# Driving in Paris/Lyon/Grenoble this year



## toasty (Jan 5, 2017)

New vignettes re vehicle emissions

`Vehicles not being registered in France which are usually vehicles from tourists and other EU economy traffic are obliged to apply the Crit'Air Vignette only after 1st April 2017 on their vehicle, if these want to enter into a French environmental zone Zones à Circulation Restreinte (ZCR).`

http://www.green-zones.eu/en/info-menu/european-badges-and-vignettes/french-vignette-critair.html

CRIT-Air

We try to keep away from cities but satnag doesnt always co-operate!:drive:


----------



## yeoblade (Jan 16, 2017)

The list just gets bigger and bigger with more complicated rules to follow and of course PAY for:

"What other Badges and Vignettes are Also Available in Europe?
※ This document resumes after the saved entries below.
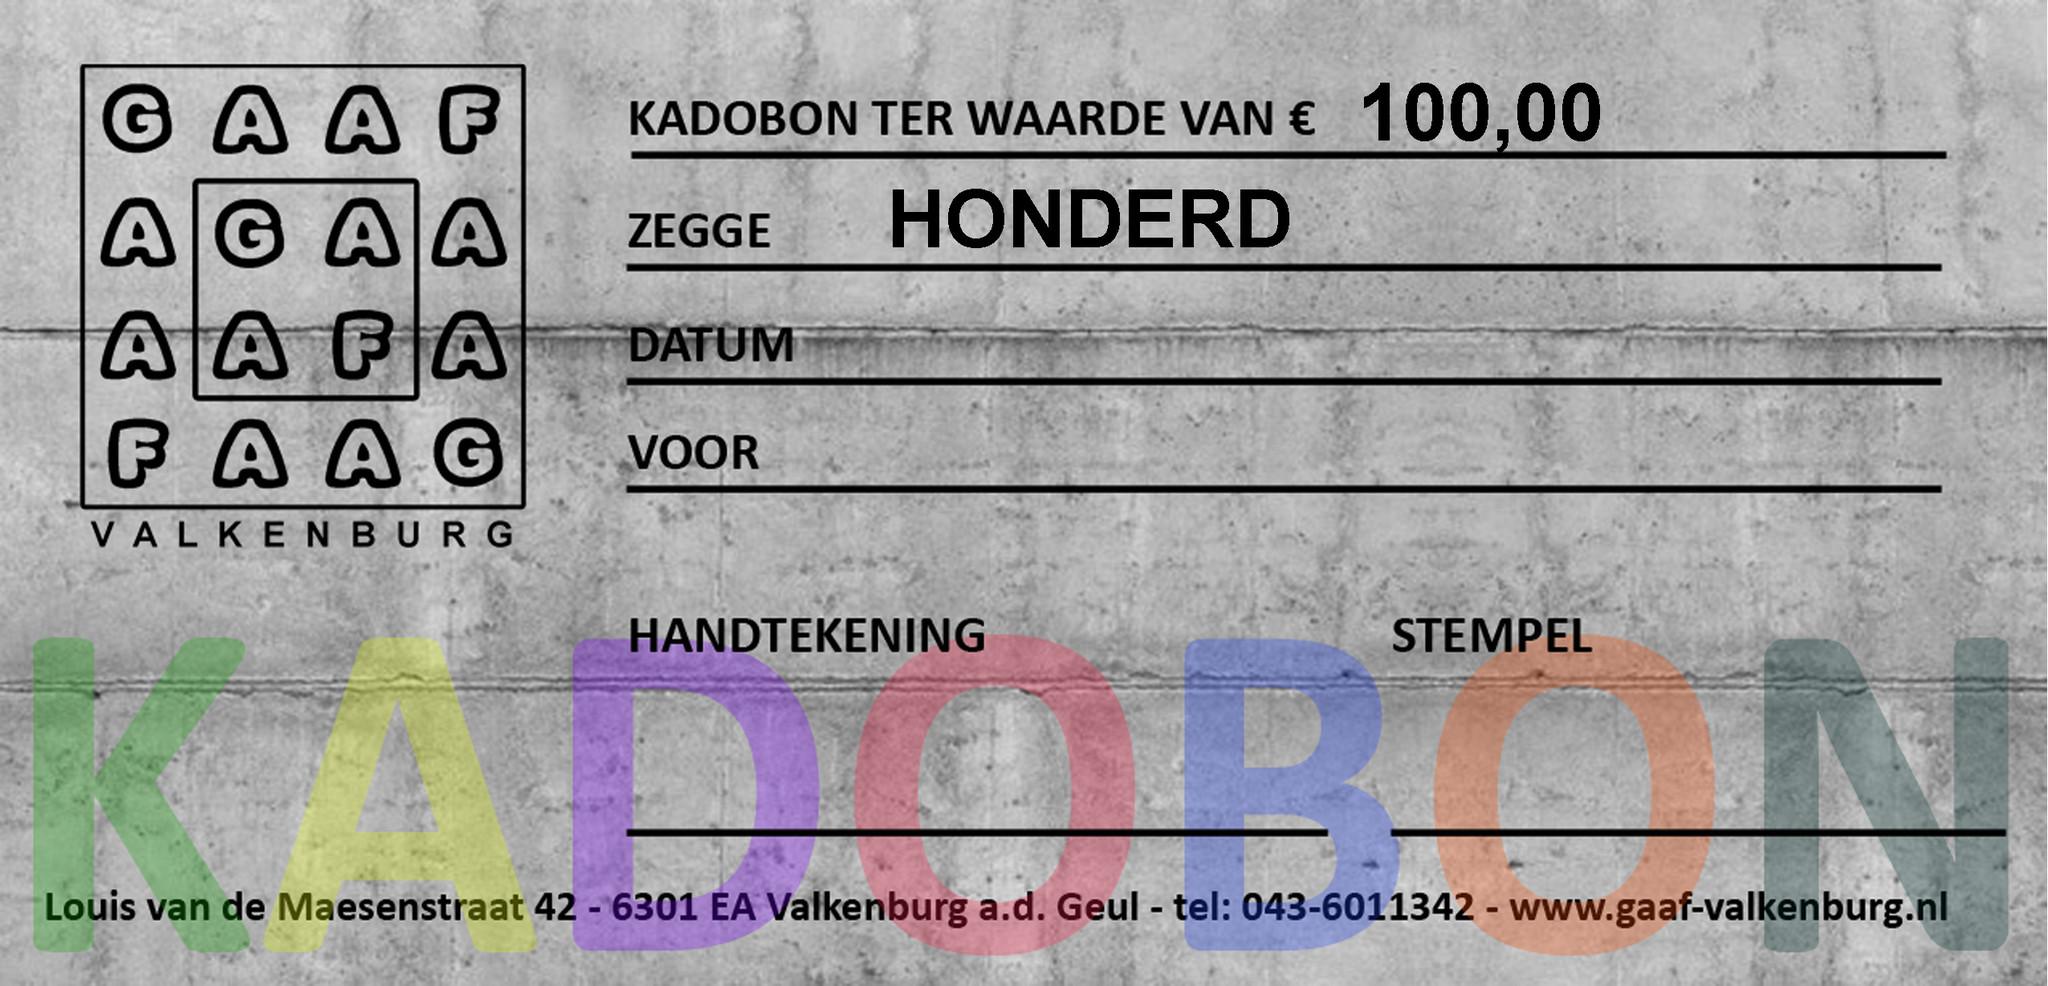 GAAF Kadobon 100 euro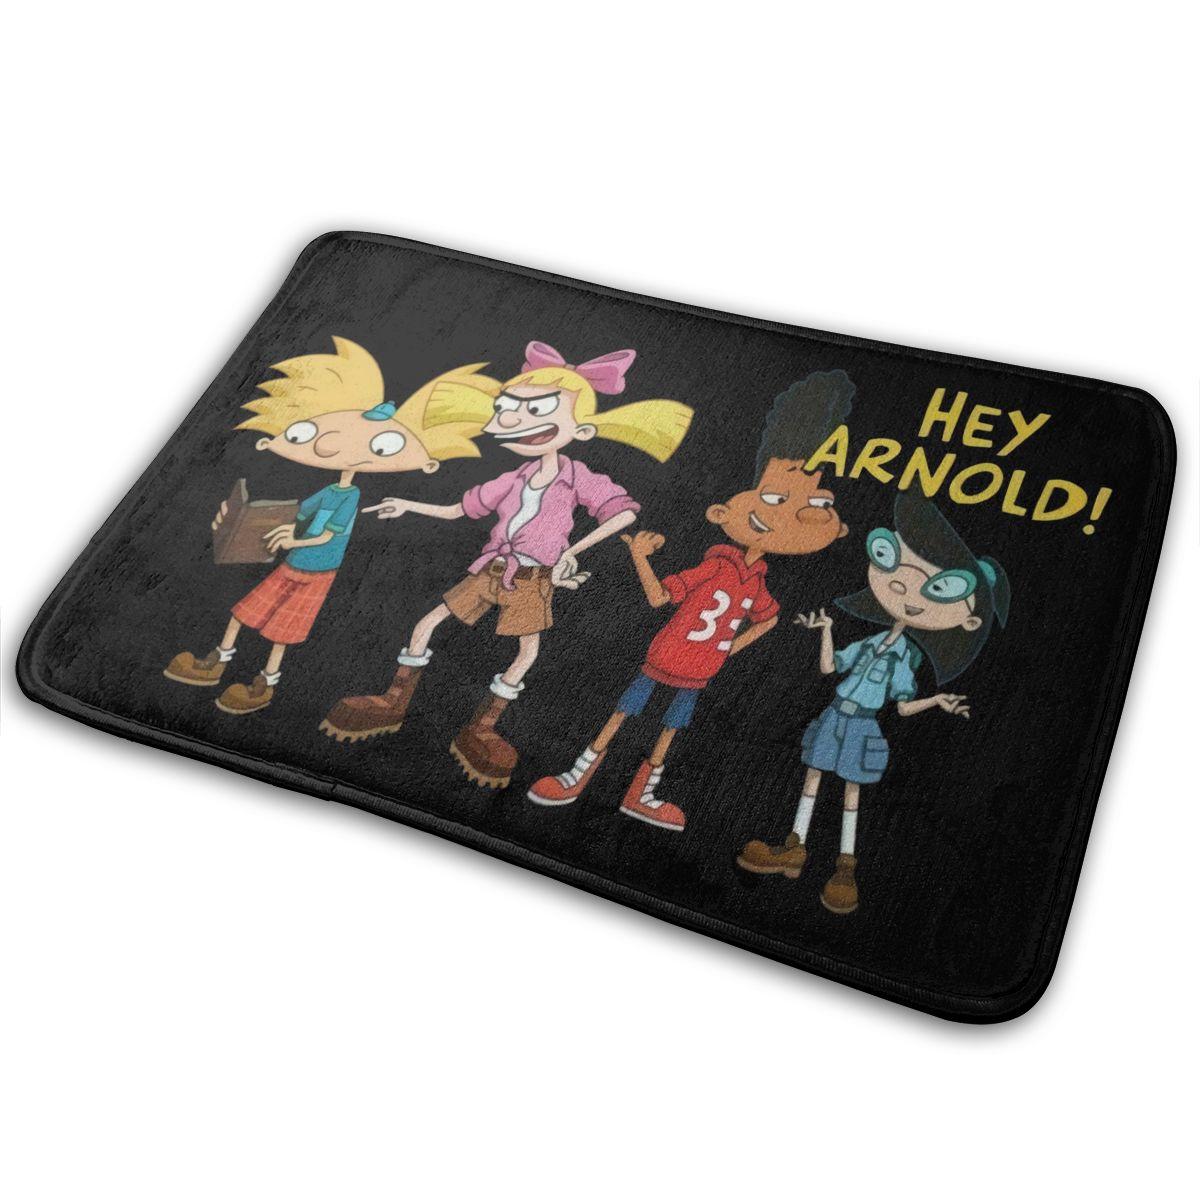 Эй, Арнольд, Арнольд, унисекс, удобный дизайн, креативный дизайн высокого качества, индивидуальный цветной ковер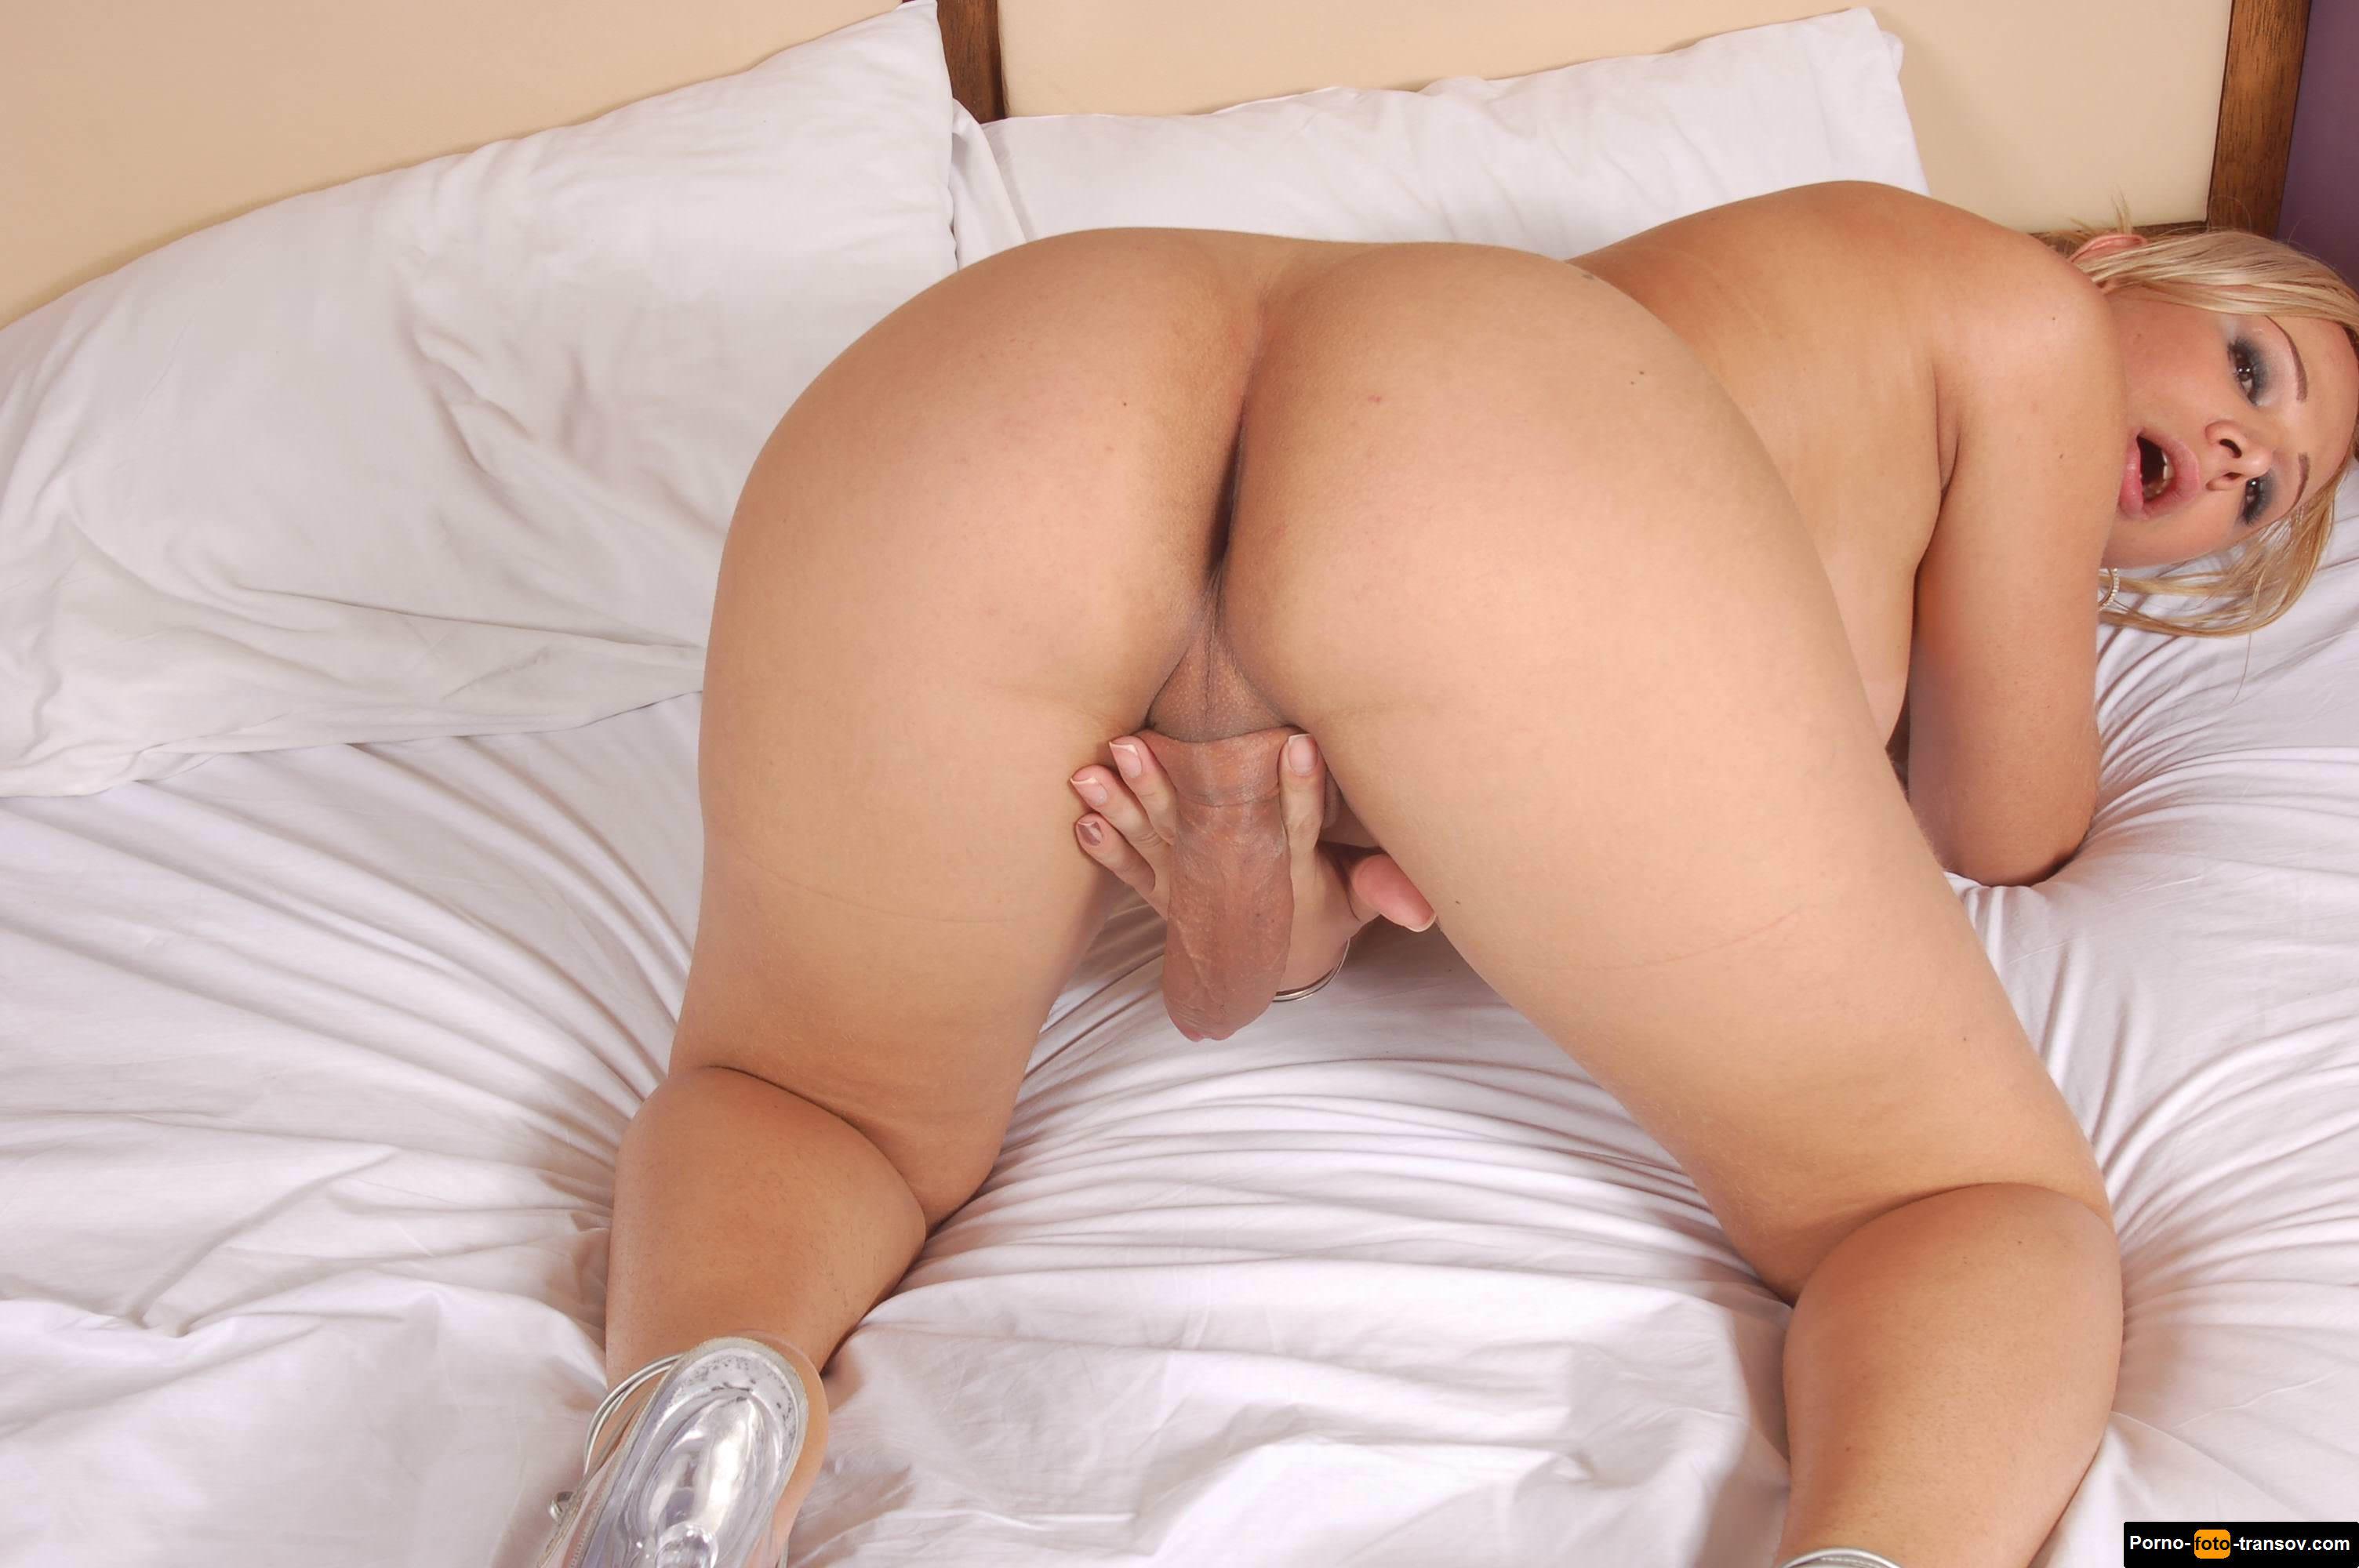 Порно огромным хуем в спальне, порно с черной шлюхой в корсете

Badges/Vignettes in Europe – Crit-Air.fr

Does me 'ed in  :rulez::rulez::mad1:


----------



## robell (Jan 18, 2017)

:ditto:   I'm with Yeoblade on this one. But in the end, we'll end up with even more stickers all over the windscreen blocking the driving / scenery view :mad1:



.


----------



## Deleted member 64209 (Jan 20, 2017)

*But what if...*

...we fill up with Co2 neutral garlic oil when driving through gay Paris?


----------